North Korea recently appealed to the U.S. for food aid, suspended two years ago over a lack of transparency in the distribution and mounting tensions after the North's nuclear and missile tests.
The United Nations last month appealed for 430,000 tons of food for North Korea to feed 6 million people stricken by floods and severe winter weather. A U.N. monitoring team concluded a fact-finding mission in North Korea early last month.
Toner reiterated that any food aid will be made on humanitarian, not political, grounds.
"Our food-assistance program is, as I talked about yesterday, is done in a very objective fashion, divorced from any other policy concerns," he said. "It's consistent with our desire to aid humanitarian or provide humanitarian assistance where it's needed."
The spokesman dismissed criticism that the suspension of food aid to North Korea by South Korea and the U.S. aggravated the food situation in the North.
"It's important to recognize that North Korea is largely responsible for the situation it's in," Toner said. "It's caused by bad policies and the misallocation and mismanagement of resources. And also just to remind folks that in 2008 we did have our food assistance program kicked out of there."

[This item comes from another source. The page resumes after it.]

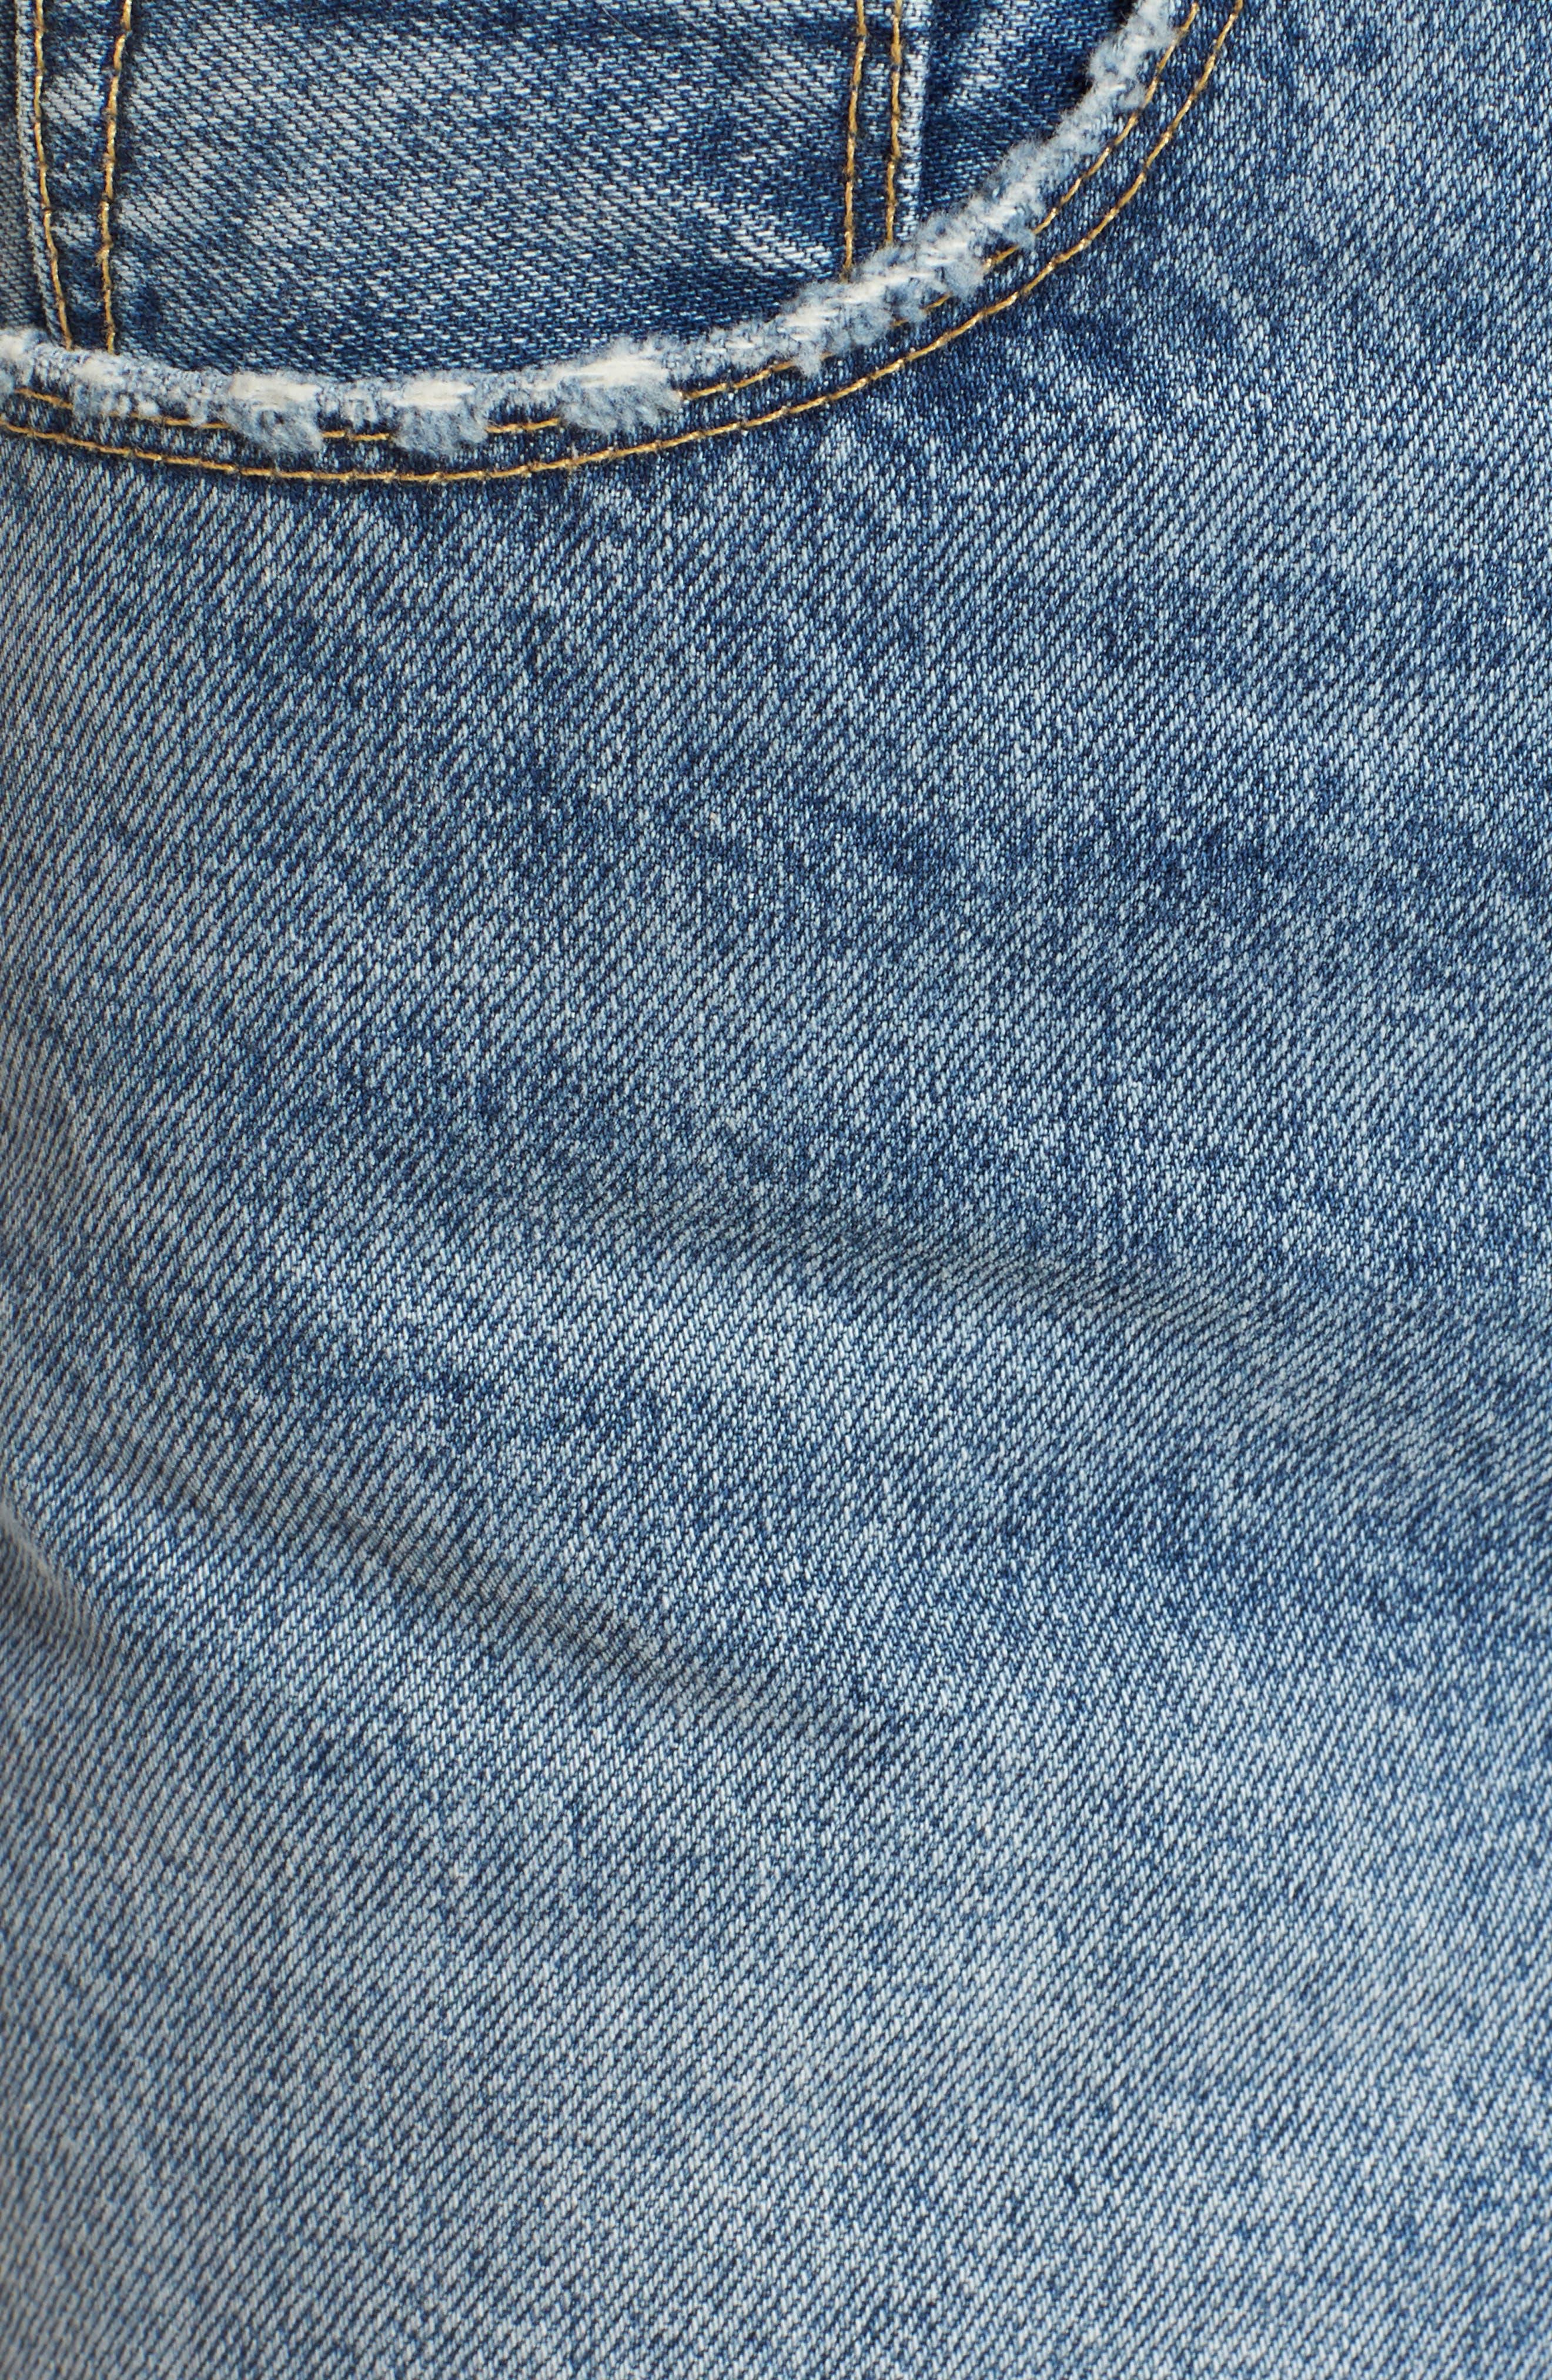 High Waist Cutoff Denim Shorts,                             Alternate thumbnail 6, color,                             420

South Korea appears to be more stringent in resuming food aid.
Critics say North Korea is exaggerating its food shortages to hoard food in preparation for the 100th anniversary of the birth of its late leader, Kim Il-sung, next April 15.
As a condition to providing food and reopening the six-party talks, held last in December 2008, South Korea wants the North to address its grievances over the sinking of a South Korean warship and the shelling of a border island that killed 50 people last year.
In an incremental approach toward the nuclear talks' resumption, South Korea and China recently called on North Korea to have a bilateral nuclear dialogue with South Korea and then another bilateral discussion with the U.S. ahead of any plenary session of the six-party talks. The North has not yet responded to the proposal.
Toner, meanwhile, called on China to allow the U.N. Security Council to release a report on North Korea's proliferation of missile technology.
He said the U.S. wants the report prepared by a U.N. experts' panel monitoring sanctions on North Korea to be released "so that other countries can be aware of its contents."
"North Korea's sharing of this kind of technology has long been of concern to the United States," he said. "I don't want to talk about the report specifically because it hasn't been released yet, but we continue to call for its release."
The report alleges that North Korea has continued proliferating missiles and their parts to Iran and other countries in violation of international sanctions.
The sanctions were imposed under U.N. Security Council resolutions adopted after North Korea tested nuclear bombs and test-launched ballistic missiles in 2006 and 2009.
The report has not yet been officially released due to opposition from China, North Korea's staunchest communist ally. All 15 Security Council members need to sign it before its release.
Iran has denied the report alleging it received missile technology shipments from North Korea through a third country, which diplomats say is China. Tehran insists it has sufficient technology to develop missiles on its own.
A similar report by the panel was delayed for six months until November, when China finally gave a green light to its publication.